Частотное, нередко не оправданное языковой целесообразностью употребление иноязычных слов и элементов приводит к созданию своеобразного языкового кода, непонятного большинству и доступного лишь «избранным». Для такого употребления характерно отсутствие каких-либо пояснений значения слова – ранее традиционного, практически обязательного способа ввода в текст неизвестных или малопонятных слов – и даже диагностирующего контекста. См., например:

Ситуацию, когда он, оснащенный полученными в Лондоне знаниями о валютных рынках, начинал заниматься бизнесом в Москве, он описывает как «даун» серьезный (Новая газета, 2009, №59). Фронтмен народно-государственного ВИА «Любэ»…Николай Расторгуев продолжает в одной из столичных клиник реабилитационный курс (Известия, 2009, №77). Мне интересно сделать что-то, что ни у кого не получается. Создавать авиакомпанию – это очень большой «челлендж» (Новая газета, 2009, № 59). Ольга Слуцкер превратила фитнес в модную религию. У неё тренируются все российские селебритиз (Глянец, 2008, №21).

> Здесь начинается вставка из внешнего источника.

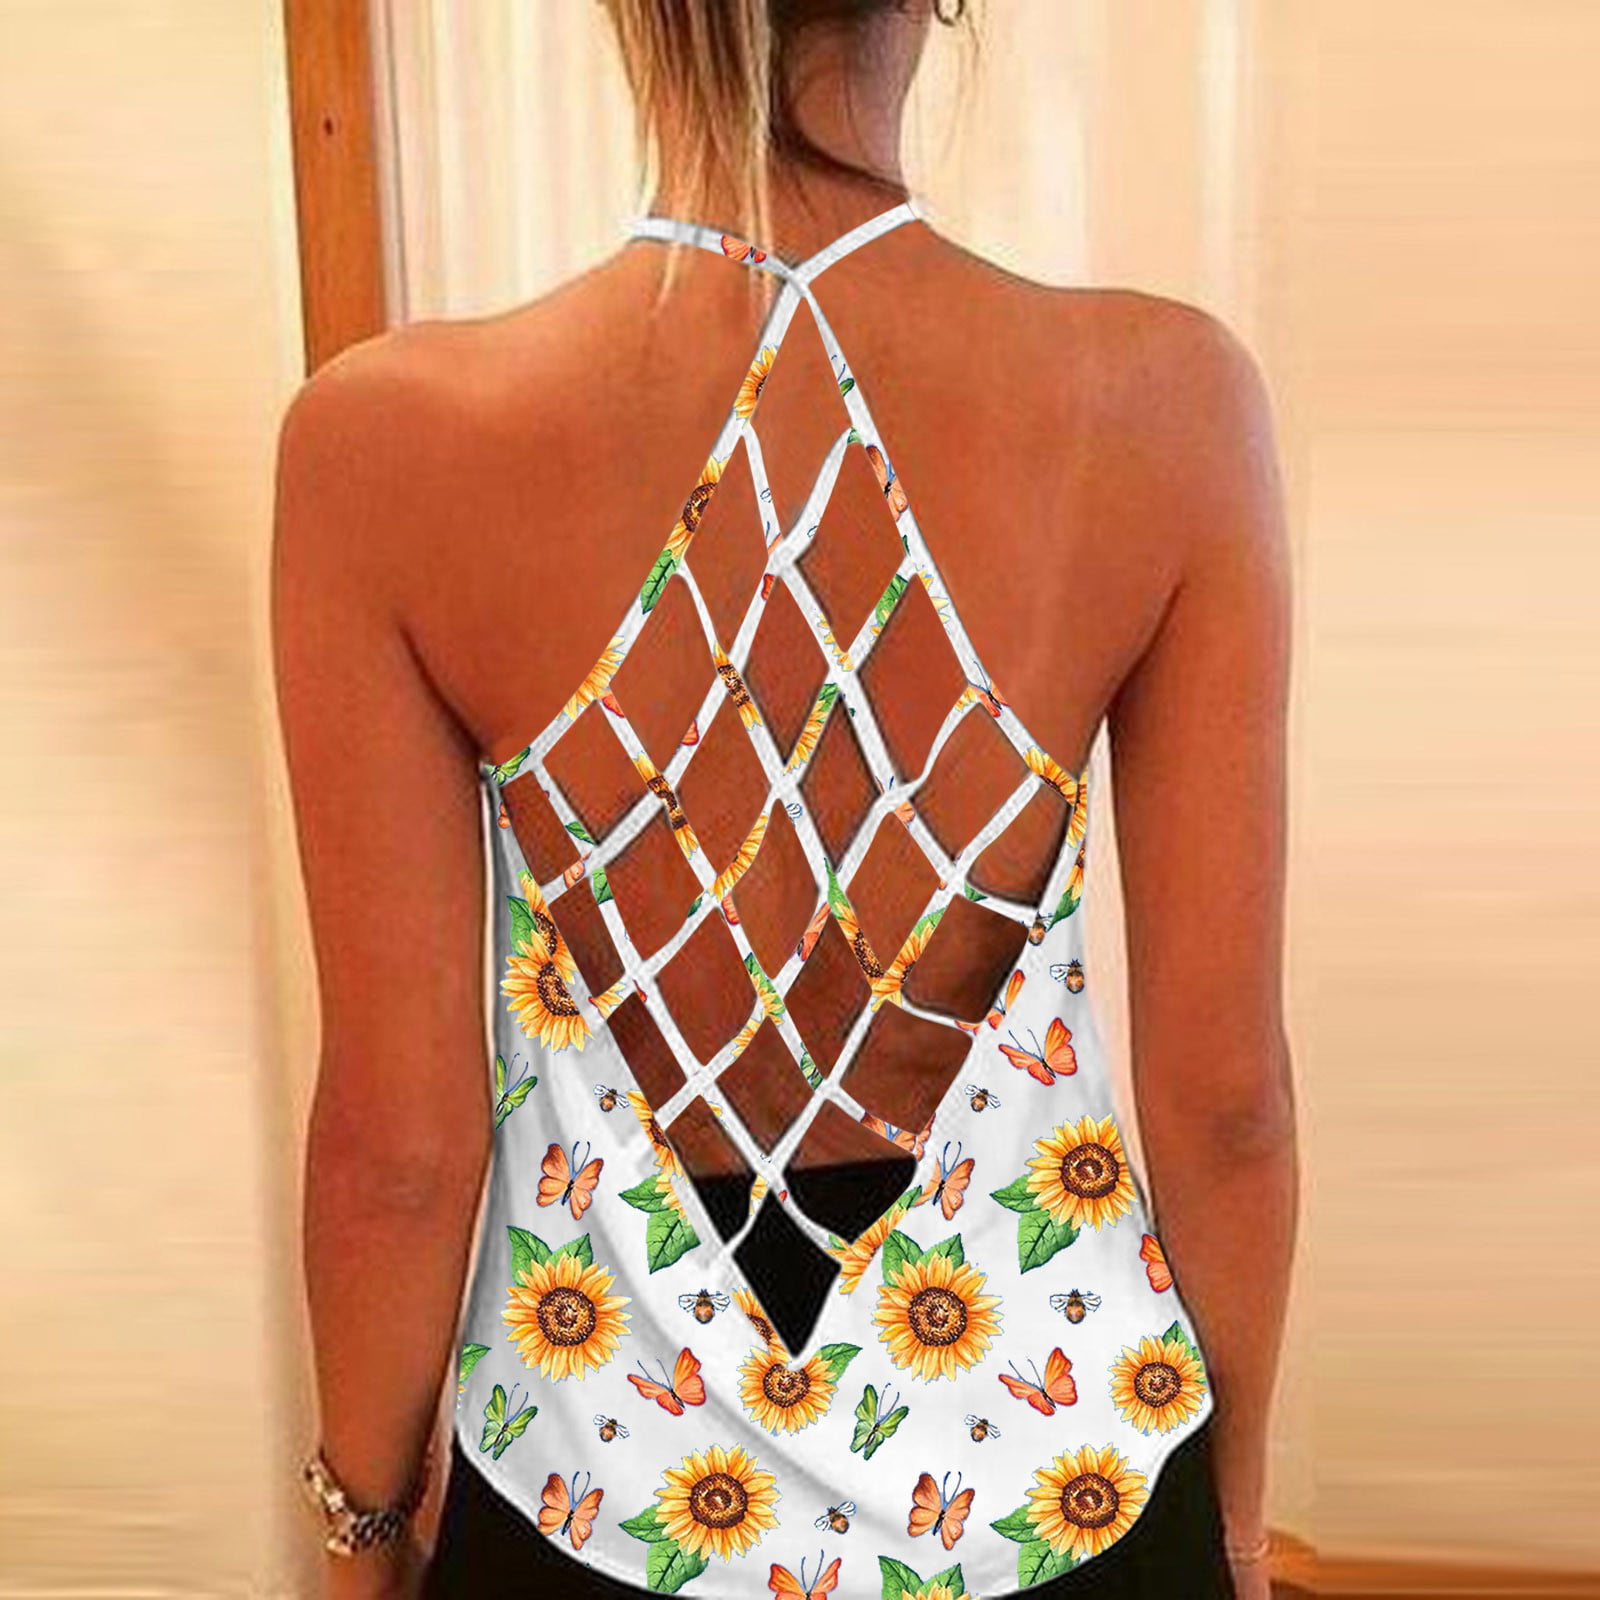 NPRADLA Womens Vest Tops Ladies Girls Sunflowe Print Plus Size T Shirts Casual Loose Tank Top Soft Comfortable Blouses

Одной из отличительных черт функционирования иноязычных слов и элементов является чрезвычайно активное использование иноязычной графики – латиницы – в рекламе, в языке прессы, в названиях различного рода компаний, фирм, творческих коллективов, ресторанов, торговых центров и т.д. Примечательно, что в разные периоды развития языка передача облика слова средствами нерусской графики преимущественно характеризовала определенный разряд иноязычных слов – иноязычные вкрапления, тогда как сегодня данное явление отмечается и в функционировании других разрядов иноязычной лексики. Иноязычная графика может быть представлена целым словом, многословным наименованием, отдельным элементом – буквой или сочетанием букв.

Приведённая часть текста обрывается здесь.